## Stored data
Content starts
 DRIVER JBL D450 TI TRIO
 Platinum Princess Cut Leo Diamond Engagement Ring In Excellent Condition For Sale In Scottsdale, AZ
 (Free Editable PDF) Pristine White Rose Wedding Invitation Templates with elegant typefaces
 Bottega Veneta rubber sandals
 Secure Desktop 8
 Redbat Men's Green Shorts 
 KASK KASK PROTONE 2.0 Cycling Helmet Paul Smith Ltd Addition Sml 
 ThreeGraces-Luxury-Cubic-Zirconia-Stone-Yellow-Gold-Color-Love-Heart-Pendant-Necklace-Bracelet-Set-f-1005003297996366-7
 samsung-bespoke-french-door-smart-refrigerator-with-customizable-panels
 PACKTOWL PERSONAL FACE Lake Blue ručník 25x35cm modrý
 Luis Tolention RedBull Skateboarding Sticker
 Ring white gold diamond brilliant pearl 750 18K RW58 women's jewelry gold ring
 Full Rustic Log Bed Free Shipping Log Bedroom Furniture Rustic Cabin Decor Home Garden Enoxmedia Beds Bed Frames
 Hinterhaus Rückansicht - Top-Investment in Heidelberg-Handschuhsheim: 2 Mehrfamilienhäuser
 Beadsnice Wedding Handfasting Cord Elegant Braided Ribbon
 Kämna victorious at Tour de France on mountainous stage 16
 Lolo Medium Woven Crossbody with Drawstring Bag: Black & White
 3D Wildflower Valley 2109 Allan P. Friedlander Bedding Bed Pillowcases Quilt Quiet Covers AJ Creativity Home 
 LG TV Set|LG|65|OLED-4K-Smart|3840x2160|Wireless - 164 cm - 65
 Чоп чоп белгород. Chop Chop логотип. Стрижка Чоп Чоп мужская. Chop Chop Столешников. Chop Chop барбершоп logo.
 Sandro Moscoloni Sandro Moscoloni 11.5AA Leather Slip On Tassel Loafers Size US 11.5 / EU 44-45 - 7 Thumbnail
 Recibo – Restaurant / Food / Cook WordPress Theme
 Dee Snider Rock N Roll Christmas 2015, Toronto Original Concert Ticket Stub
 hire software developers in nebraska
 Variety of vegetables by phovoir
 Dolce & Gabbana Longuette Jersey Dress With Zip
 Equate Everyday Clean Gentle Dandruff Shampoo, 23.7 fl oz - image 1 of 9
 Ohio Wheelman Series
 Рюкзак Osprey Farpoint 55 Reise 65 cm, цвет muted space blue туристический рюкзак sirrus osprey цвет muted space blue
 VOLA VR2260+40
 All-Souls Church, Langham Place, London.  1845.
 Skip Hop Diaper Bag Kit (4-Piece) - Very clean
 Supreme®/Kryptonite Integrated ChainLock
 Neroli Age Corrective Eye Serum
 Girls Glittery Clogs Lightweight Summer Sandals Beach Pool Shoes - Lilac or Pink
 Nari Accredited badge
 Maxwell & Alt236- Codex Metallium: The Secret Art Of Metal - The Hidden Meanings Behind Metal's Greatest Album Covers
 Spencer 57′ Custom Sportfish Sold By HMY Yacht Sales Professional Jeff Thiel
Content ends
Your answer should be the lines from the one containing "All-Souls Church, Langham" to the end of the entries above, restated exactly and alone.

## WRITTEN REPLY
 All-Souls Church, Langham Place, London.  1845.
 Skip Hop Diaper Bag Kit (4-Piece) - Very clean
 Supreme®/Kryptonite Integrated ChainLock
 Neroli Age Corrective Eye Serum
 Girls Glittery Clogs Lightweight Summer Sandals Beach Pool Shoes - Lilac or Pink
 Nari Accredited badge
 Maxwell & Alt236- Codex Metallium: The Secret Art Of Metal - The Hidden Meanings Behind Metal's Greatest Album Covers
 Spencer 57′ Custom Sportfish Sold By HMY Yacht Sales Professional Jeff Thiel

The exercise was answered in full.